[Exercise data — start]

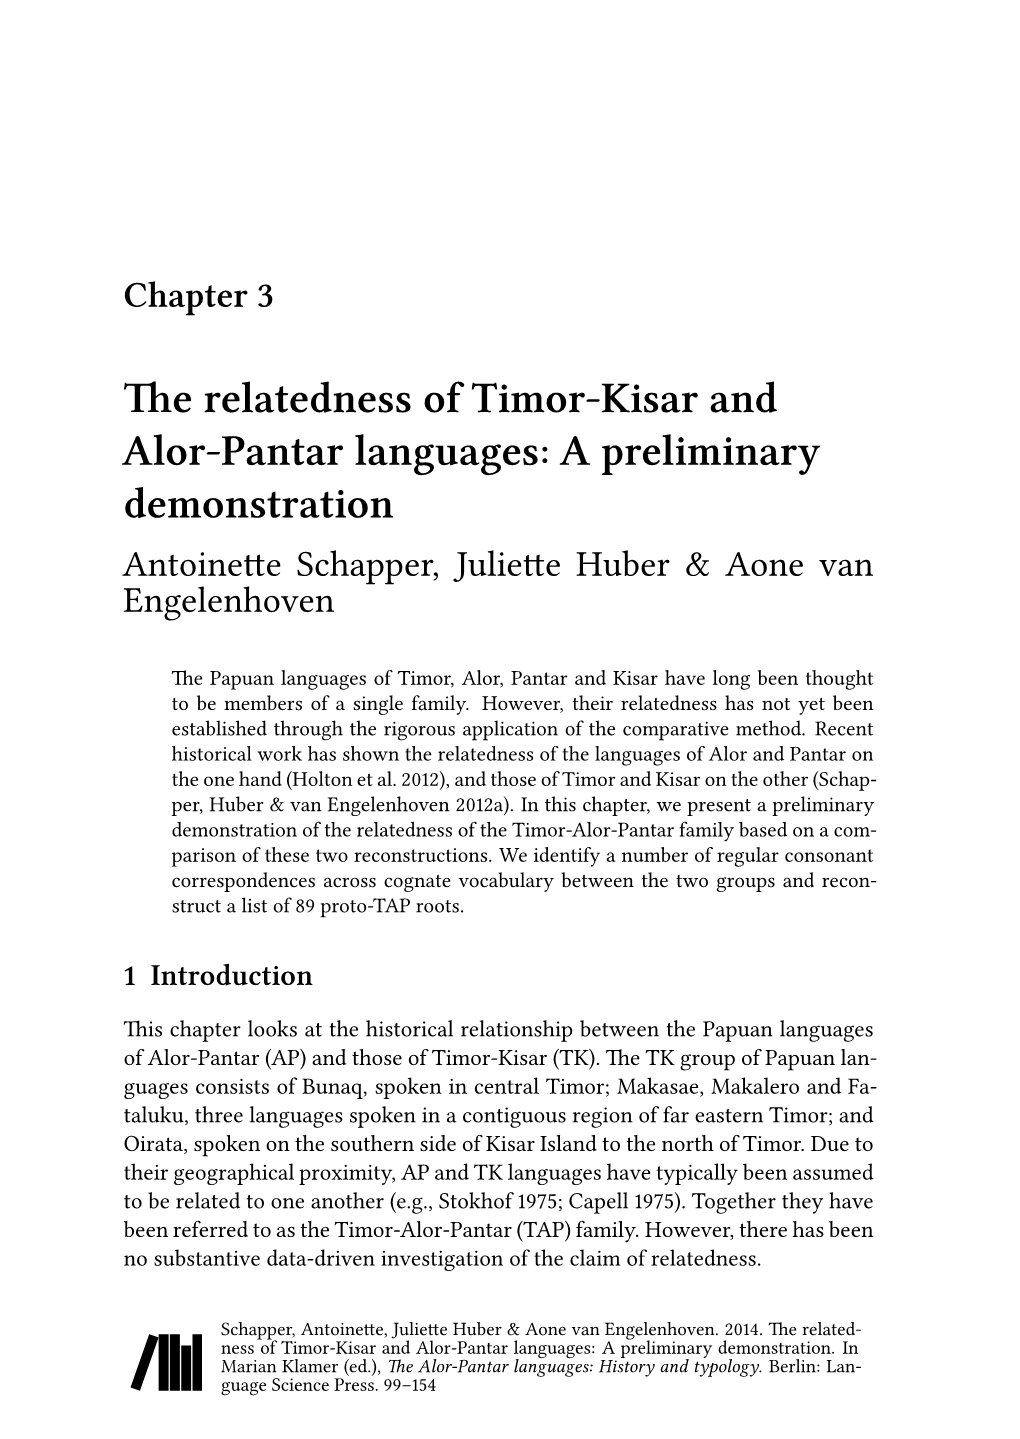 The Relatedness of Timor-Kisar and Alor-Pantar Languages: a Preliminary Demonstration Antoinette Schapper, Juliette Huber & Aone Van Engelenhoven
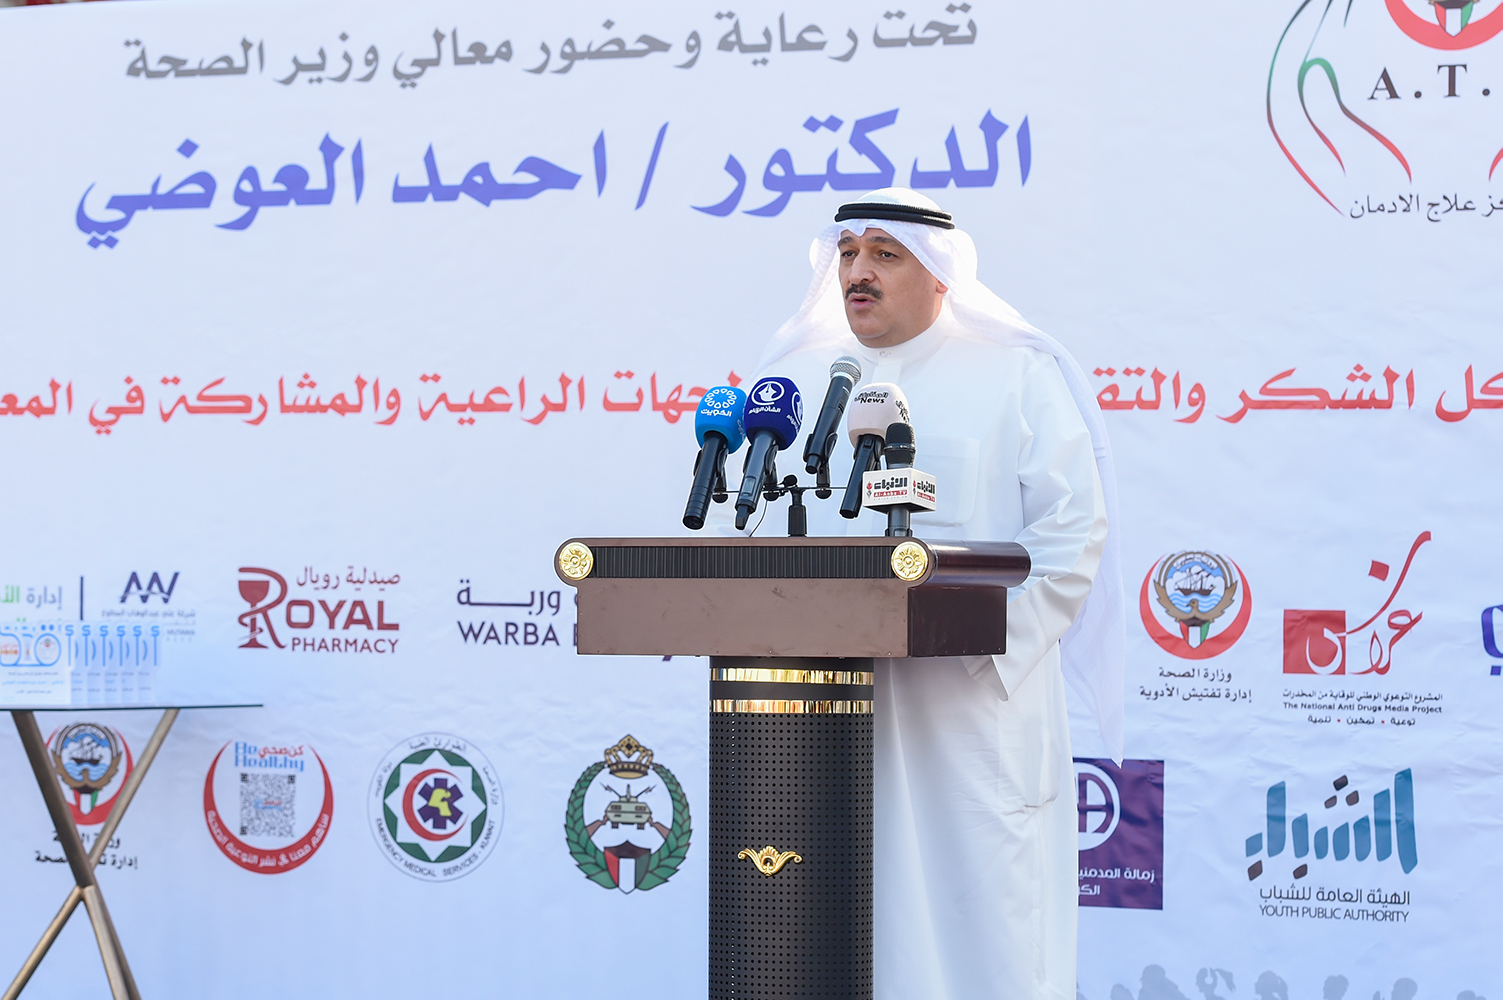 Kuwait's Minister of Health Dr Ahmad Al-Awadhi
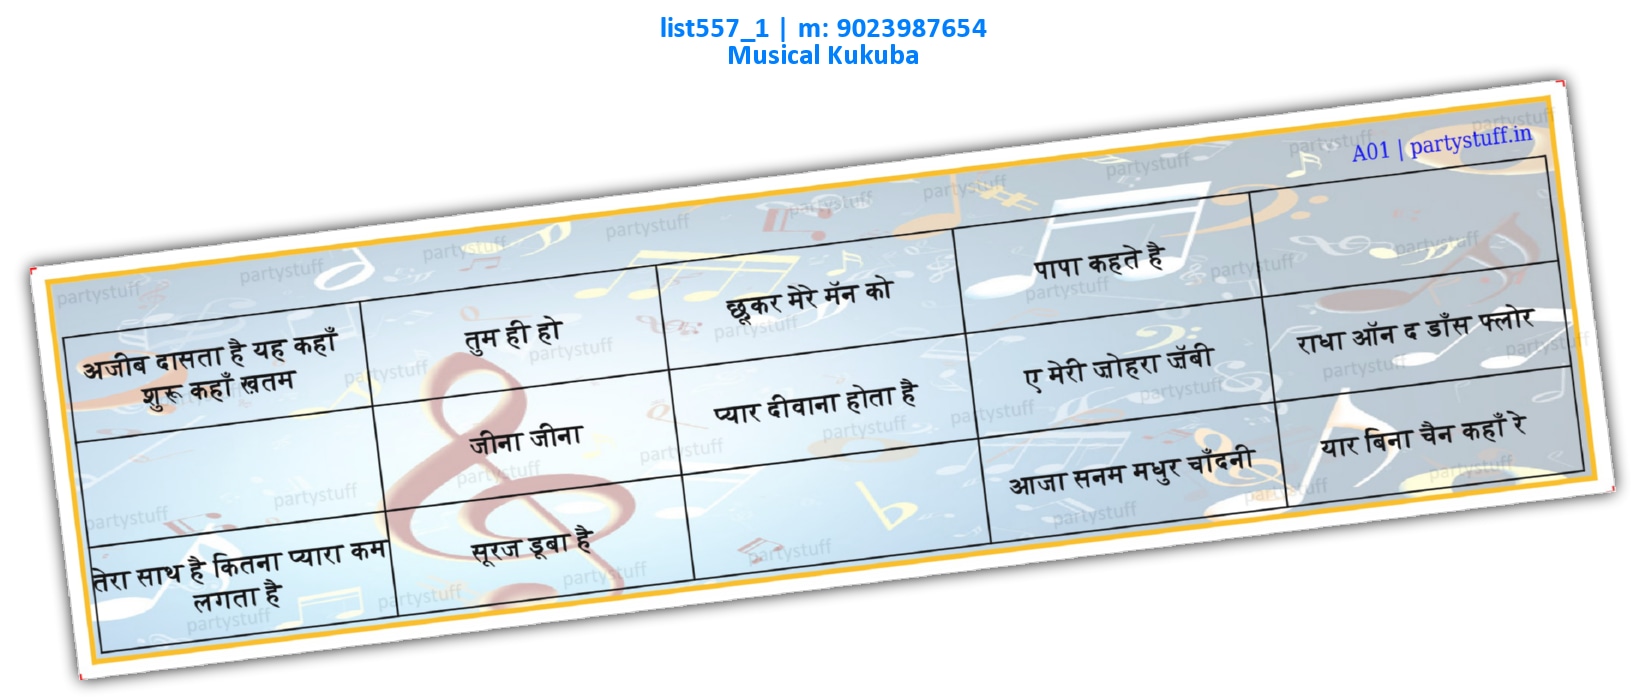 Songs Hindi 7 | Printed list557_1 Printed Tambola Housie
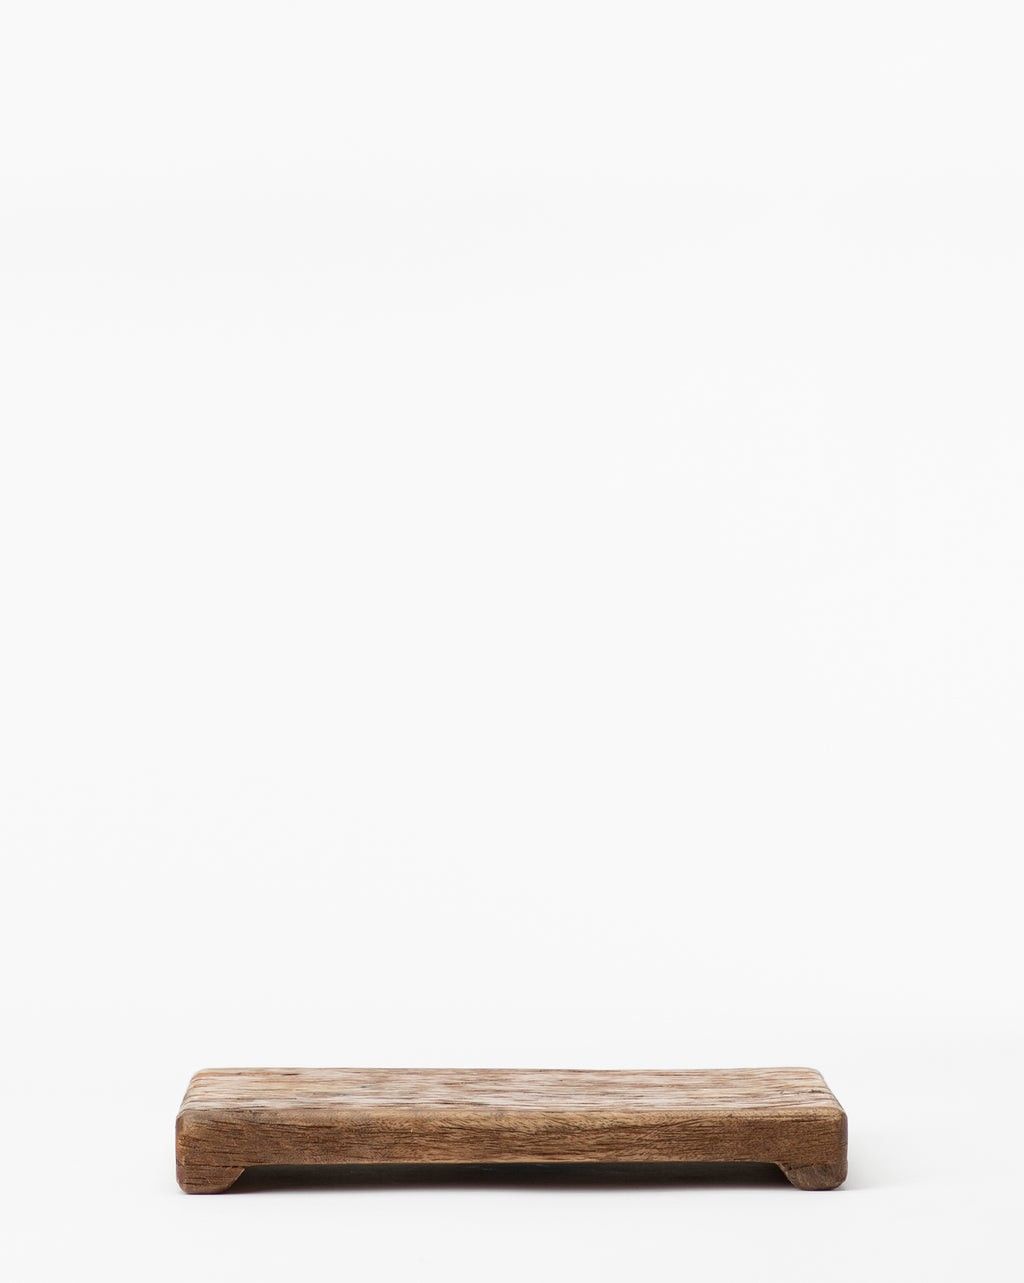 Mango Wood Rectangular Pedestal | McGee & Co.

[Exercise data — finish]

▶ [Prompt] Without the pictures, write out all of the material exactly.

▶ [Finished task]
 The Relatedness of Timor-Kisar and Alor-Pantar Languages: a Preliminary Demonstration Antoinette Schapper, Juliette Huber & Aone Van Engelenhoven
 Kuwait's Minister of Health Dr Ahmad Al-Awadhi
 Songs Hindi 7 | Printed list557_1 Printed Tambola Housie
 Mango Wood Rectangular Pedestal | McGee & Co.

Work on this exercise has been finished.